Content Topic Cluster Architecture

Document Type: Framework
Status: Active Framework
Version: v1.0
Authority: Content Brain
Applies To: Content Brain, Research Brain, Affiliate Brain
Parent: Content Brain
Last Reviewed: 2026-04-09

Purpose

The Content Topic Cluster Architecture defines how content topics are grouped into structured knowledge clusters.

Content must not exist as isolated articles.

Content should exist as organised knowledge environments.

Structured topic clusters improve:

audience understanding
search visibility
authority development
signal clarity
cross-brain learning quality

Core Principle

Individual content pieces provide limited intelligence.

Structured content clusters produce clearer signals.

Knowledge structure improves interpretability.

What is a Topic Cluster

A topic cluster is a structured group of related content assets addressing a shared knowledge domain.

Clusters support progressive understanding.

Clusters help audiences move from:

basic awareness
to structured understanding
to decision readiness

Cluster Structure Model

Core Topic Page

Defines the main concept or problem space.

Provides structured overview.

Acts as the central reference point.

Supporting Topic Pages

Expand understanding of:

subtopics
mechanisms
use cases
comparisons
strategies
mistakes
clarifications

Signal Support Pages

Explore:

audience concerns
common objections
interpretation challenges
decision questions

Authority Expansion Pages

Provide:

deeper explanation
advanced interpretation
cross-framework relationships

Cluster Design Principles

Topical Consistency

Cluster pages must relate clearly to the central topic.

Progressive Understanding

Content should support increasing clarity.

Decision Support Alignment

Clusters should support decision environments relevant to:

Affiliate Brain
Experimentation Brain

Signal Clarity

Clusters should improve behavioural signal interpretation.

Clear topic structures produce clearer audience behaviour patterns.

Cross-Brain Alignment

Research Brain

Topic clusters support:

problem discovery
topic pattern detection
emerging knowledge domains

Affiliate Brain

Clusters support:

pre-sell education
offer context building
problem awareness strengthening

Experimentation Brain

Clusters support:

message testing structures
angle validation opportunities
interpretation clarity

Finance Brain

Clusters indirectly support:

conversion stability
traffic value understanding

Cluster Creation Triggers

New clusters may be created when:

repeated topic patterns appear
multiple related articles emerge
Research Brain identifies knowledge gap patterns
Affiliate Brain requires stronger pre-sell structure

Cluster Integrity Rule

Clusters should not expand without structural clarity.

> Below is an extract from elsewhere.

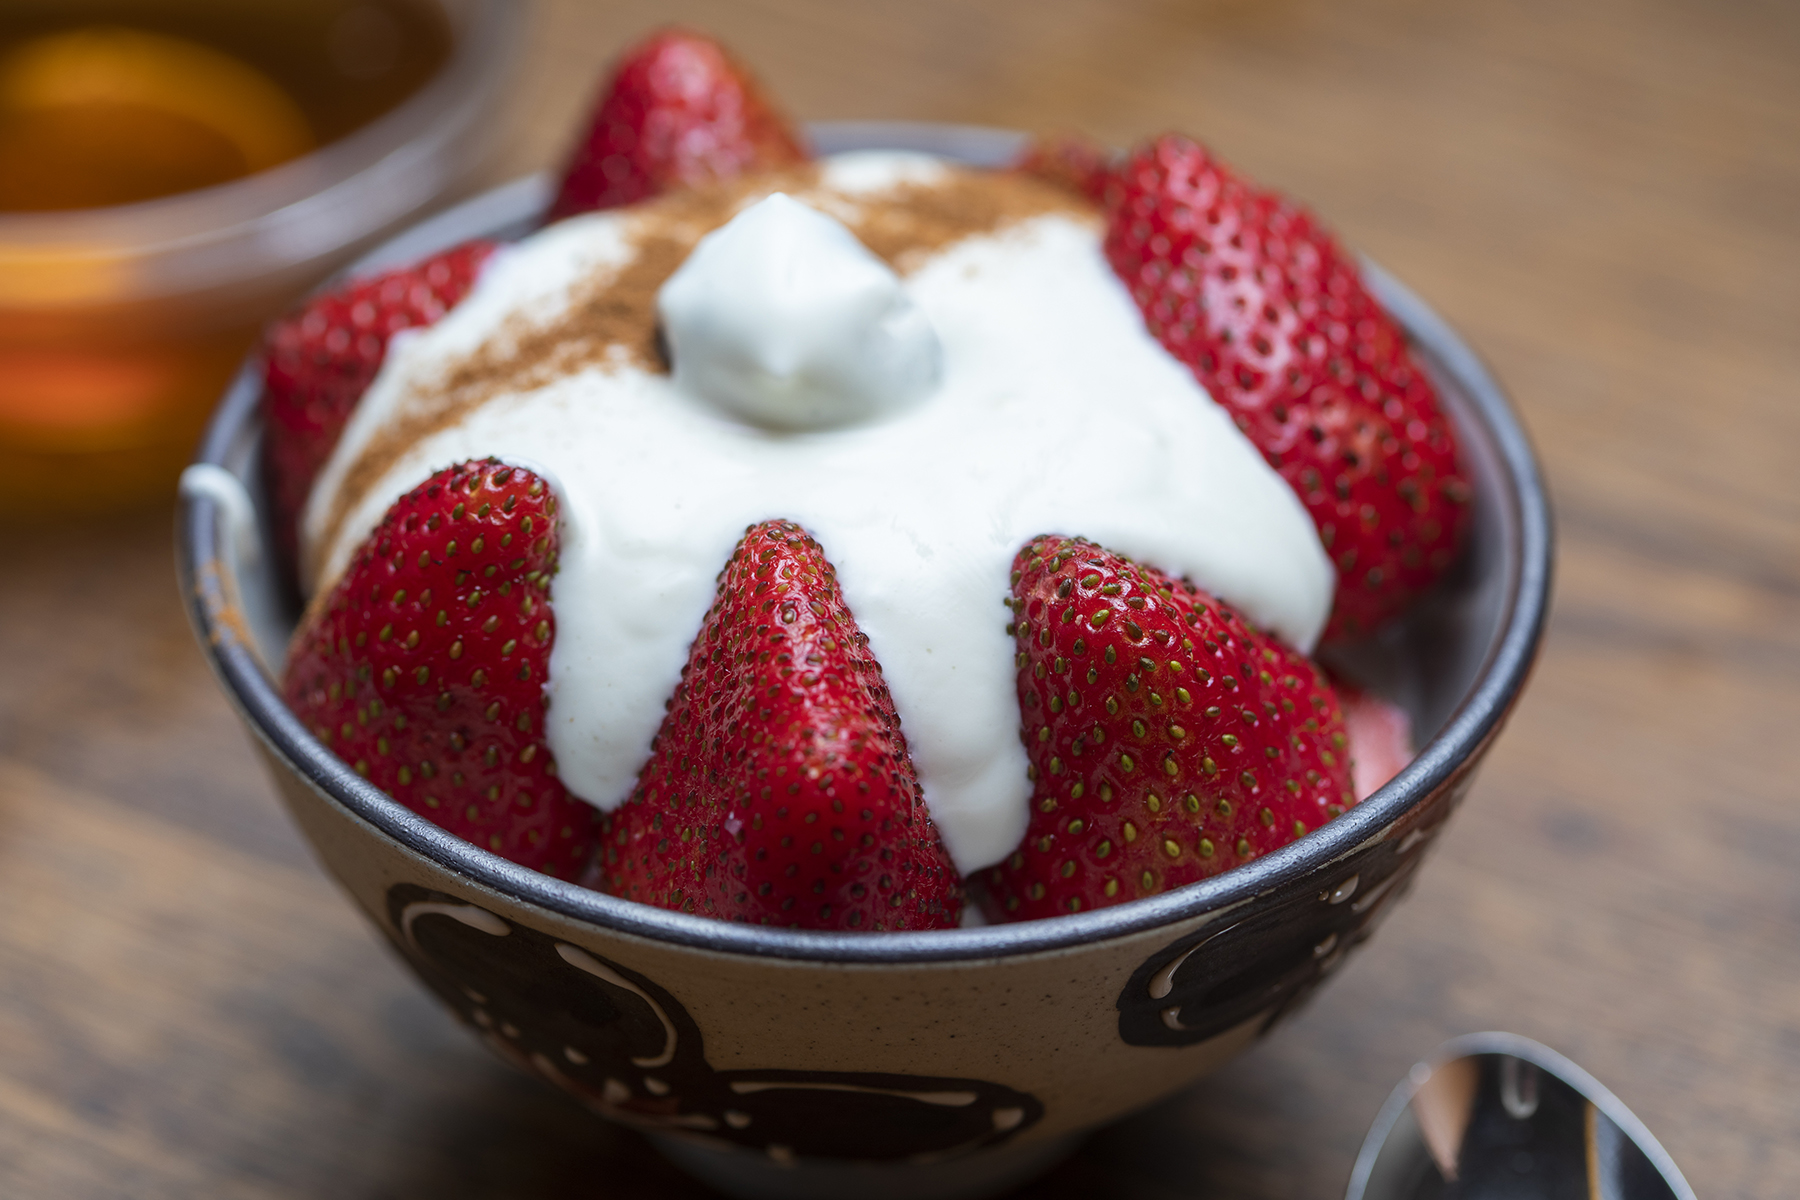 Whipped Yogurt “Cream” Recipe

Clusters should remain interpretable.

Clusters should support system learning.

Future Expansion

Future versions may include:

cluster scoring models
topic relationship maps
knowledge graph integration
cluster performance dashboards

Change Control

Structural changes must follow:

MWMS Canon Promotion Protocol

Summary

Topic clusters organise content knowledge.

Organised knowledge improves learning signals.

Improved learning signals strengthen decision quality across MWMS.